Data segment:
=== Section Start ===

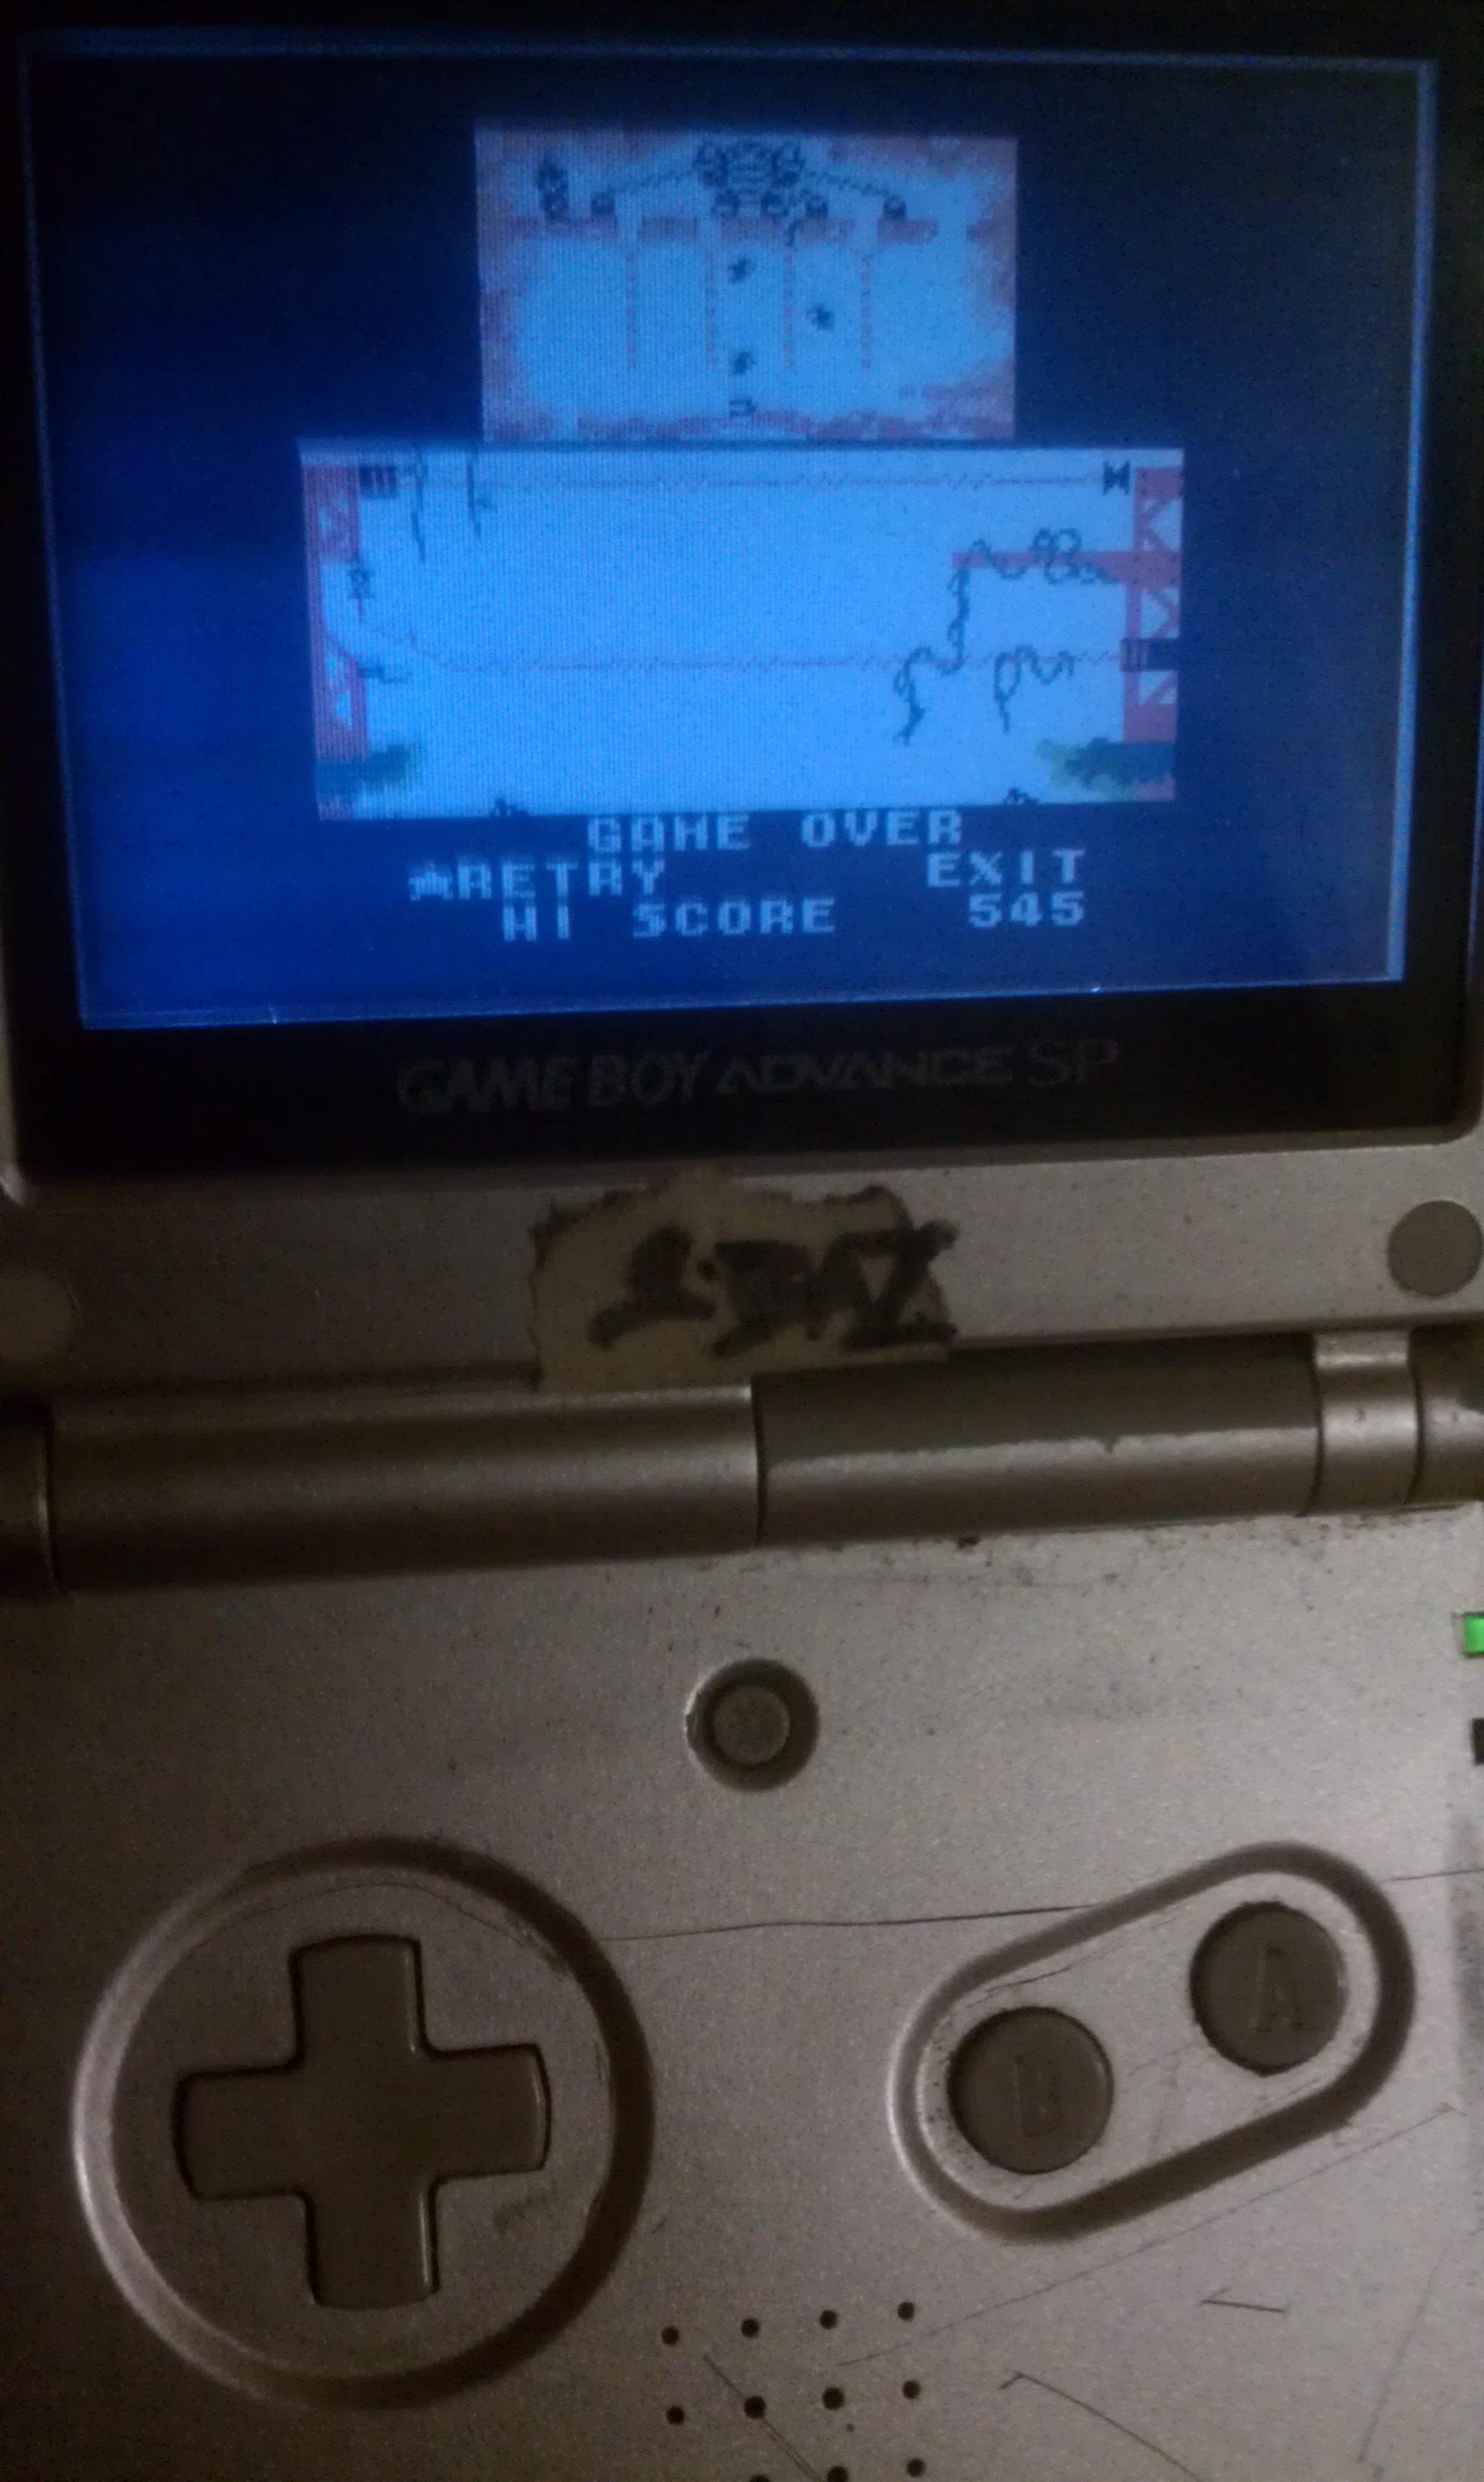 S.BAZ: Game & Watch Gallery 2: Donkey Kong II [Classic: Easy] (Game Boy Color) 545 points on 2018-08-16 13:58:19
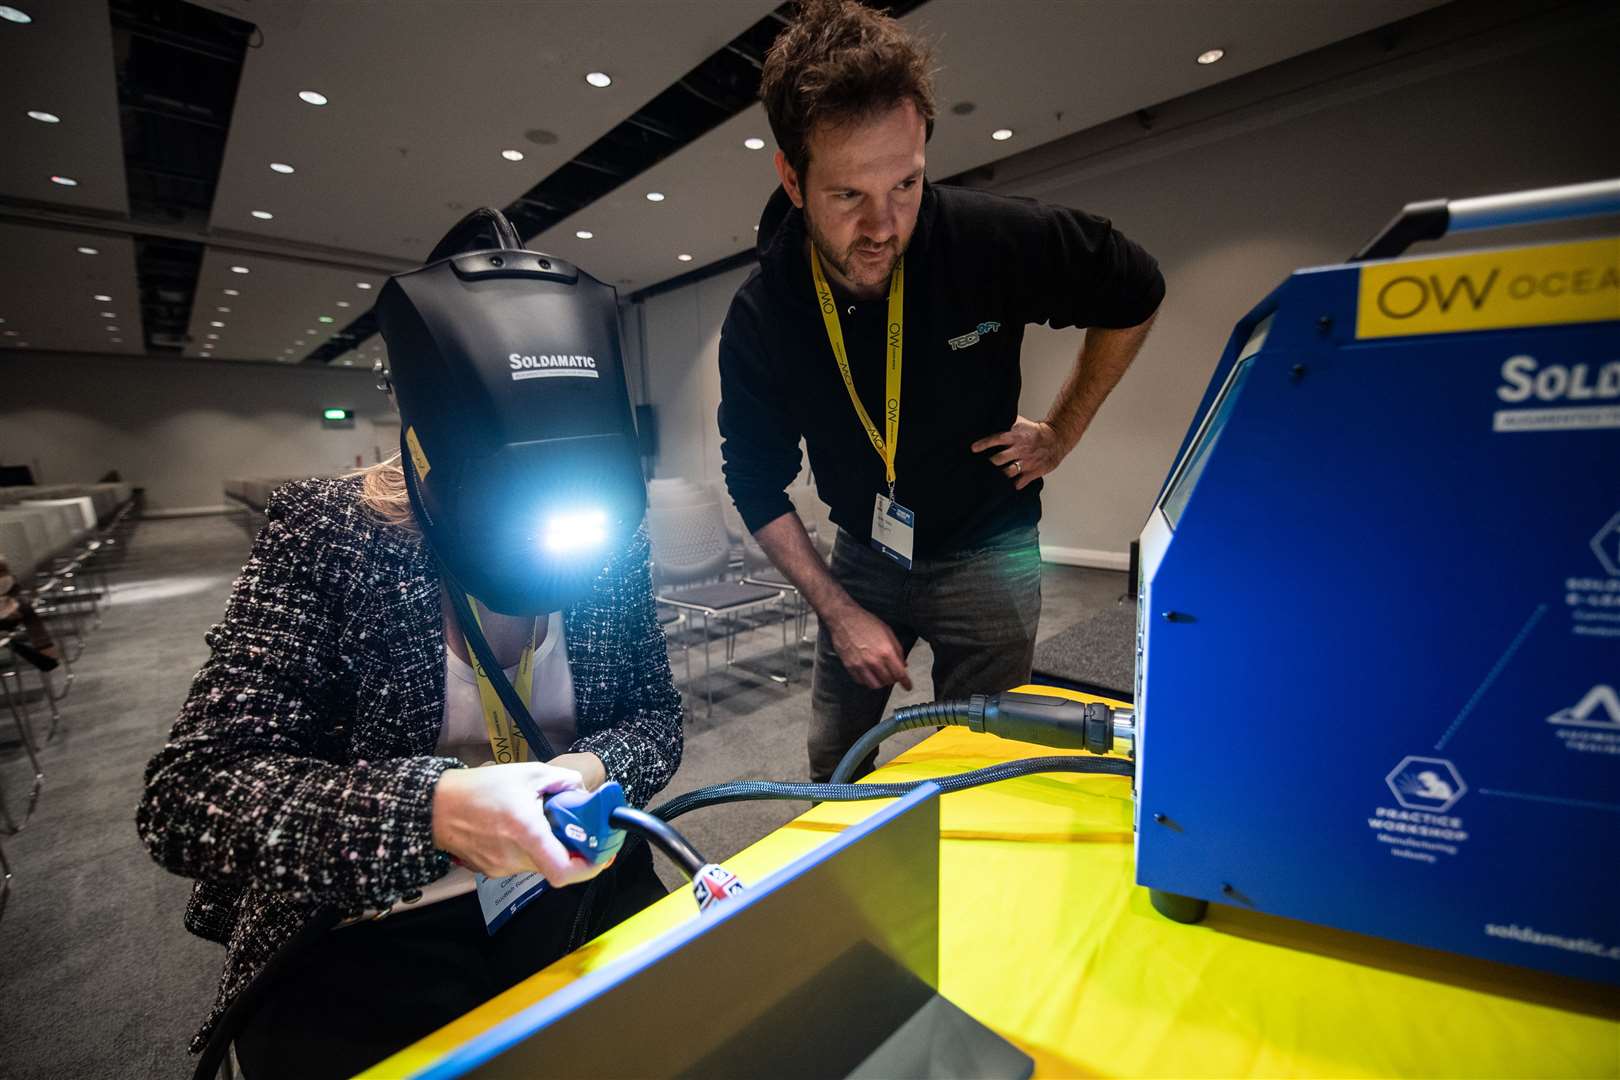 Claire Mack, chief executive of Scottish Renewables, tries her hand at augmented reality welding during Scottish Renewables' Offshore Wind Conference in Glasgow.
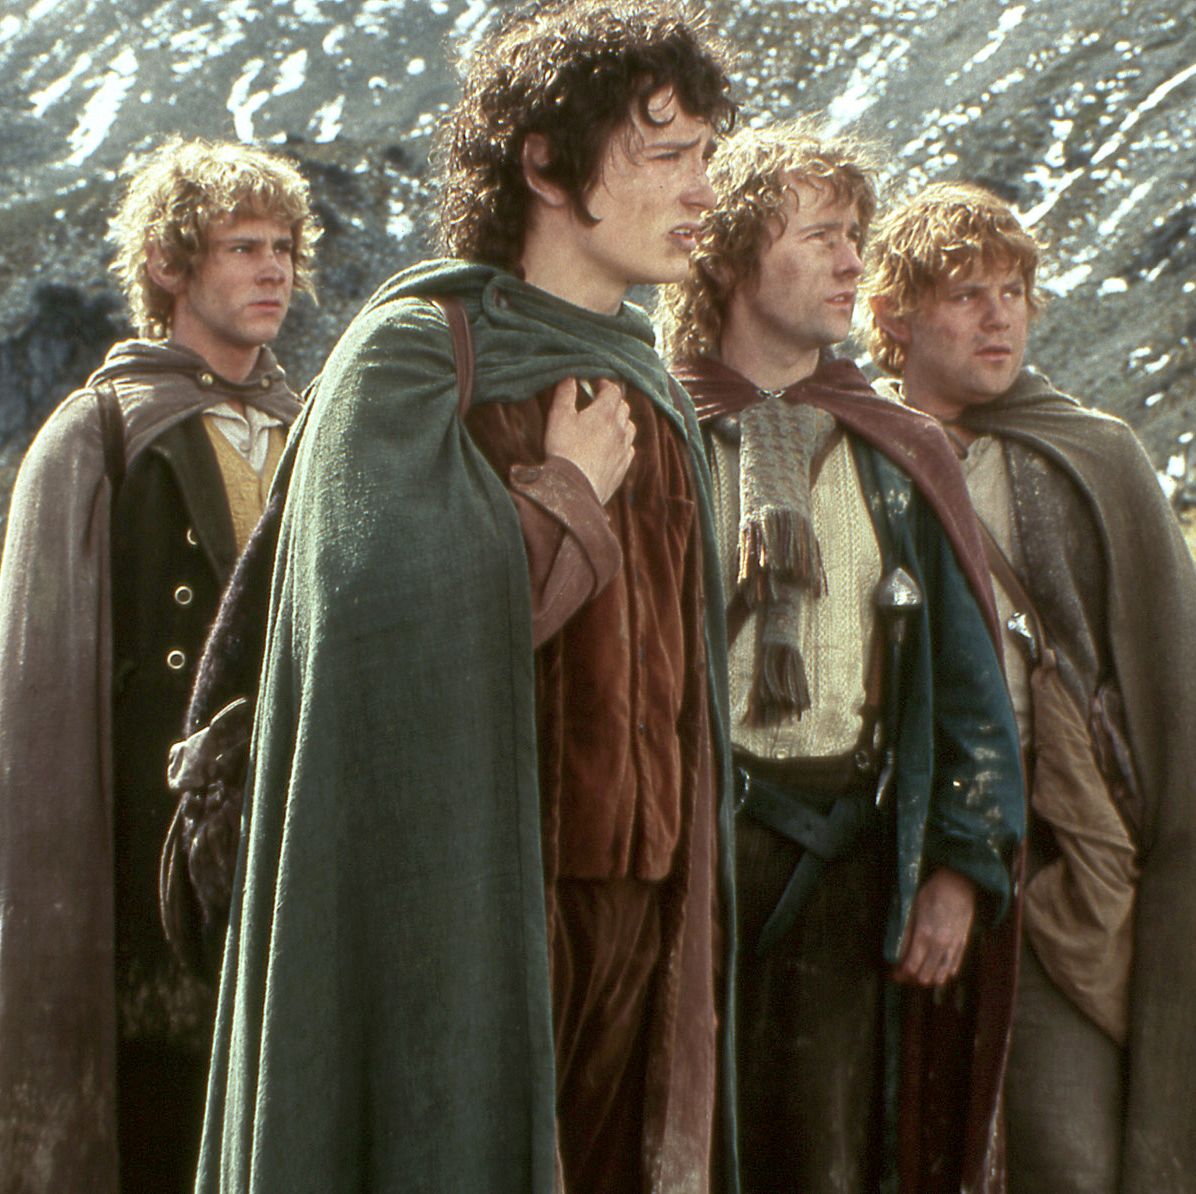 The Lord of the Rings TV series has finished filming, and it has a

=== Section End ===

Brief: Leaving out the pictures, restate the listing above exactly.

Answer to the problem:
 S.BAZ: Game & Watch Gallery 2: Donkey Kong II [Classic: Easy] (Game Boy Color) 545 points on 2018-08-16 13:58:19
 Claire Mack, chief executive of Scottish Renewables, tries her hand at augmented reality welding during Scottish Renewables' Offshore Wind Conference in Glasgow.
 The Lord of the Rings TV series has finished filming, and it has a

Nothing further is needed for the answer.